Steroids: Most people who have adult Still’s disease require treatment with steroids, such as prednisone. These powerful drugs reduce inflammation, but may lower your body’s resistance to infections and increase your risk of developing osteoporosis.

Methotrexate: The medication methotrexate (Trexall) is often used in combination with prednisone, which allows the prednisone dose to be reduced.

Biologic response modifiers: Drugs such as infliximab (Remicade), adalimumab (Humira) and etanercept (Enbrel) have shown some promise, but their long-term benefit is still unknown. If other medications haven’t worked, your doctor may suggest trying anakinra (Kineret), tocilizumab (Actemra) or rituximab (Rituxan).

How to manage AOSD?

Rest as needed. You may feel more tired than usual. Try not to do too much during the day. You may need to rest your hands or wrists if you work on a computer or

Manage stress: Stress is the main trigger for AOSD flares. Try listening to music, talking to someone, or doing things that make you feel calm. Talk to your healthcare provider if you are having trouble managing stress.

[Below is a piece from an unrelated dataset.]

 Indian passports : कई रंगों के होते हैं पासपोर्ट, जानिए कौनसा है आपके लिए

Apply ice: Ice helps relieve joint pain and reduces swelling. Use a cold pack, or put crushed ice in a plastic bag. Cover it with a towel before you apply it. Apply ice for 15 to 20 minutes every hour, or as directed.

Apply heat: Heat helps relieve joint and muscle pain. Use a heat pack, or soak a wash cloth in warm water. Wring out the extra water before you apply it. Apply heat for 20 minutes every hour, or as directed.

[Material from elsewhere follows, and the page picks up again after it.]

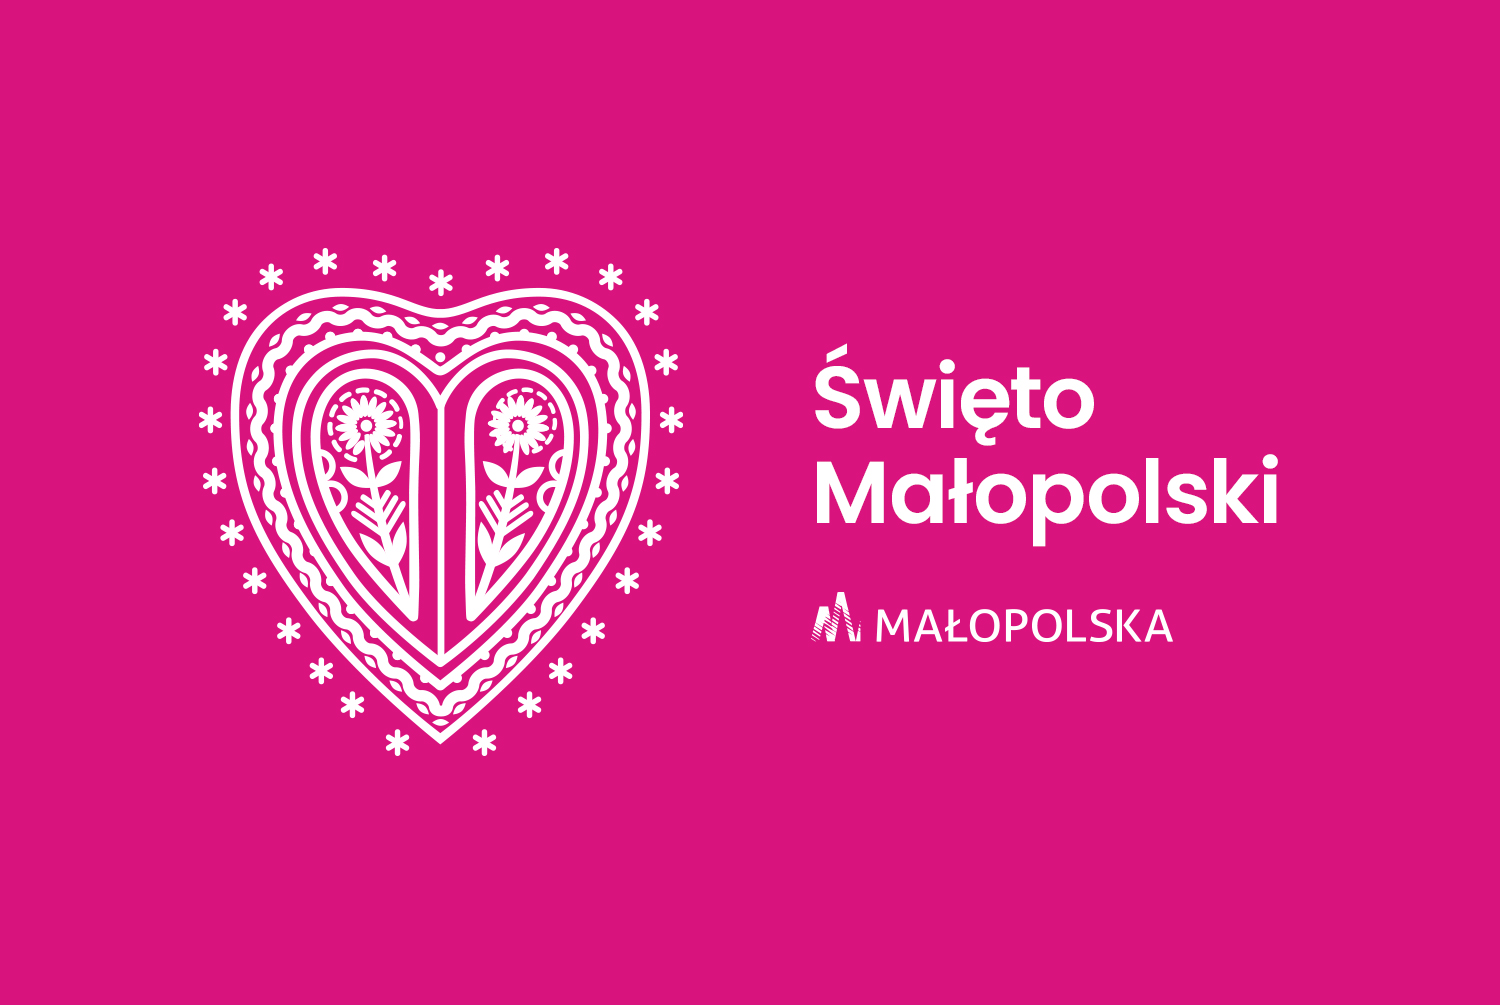 Parzenica na różowym tle. napis Święto Małopolski 2021 oraz logo Małopolska

Exercise as directed: Exercise may help your joints feel less stiff. Exercise can also help you manage stress. Ask your healthcare provider how much exercise you need each day. Your provider can also tell you the exercises that are best for you. You will want to move your joints and muscles, but you need to be careful to prevent injury.

Keep taking your medicine, even if you feel better: AOSD flares come and go. In between flares, you might feel well. It is important to keep taking your medicine as directed. DMARDs need to be taken to help keep AOSD from getting worse.

Steroids help reduce inflammation. Do not stop taking steroids suddenly. A sudden stop can be dangerous. Your healthcare provider will help you take less medicine over time until you can stop safely.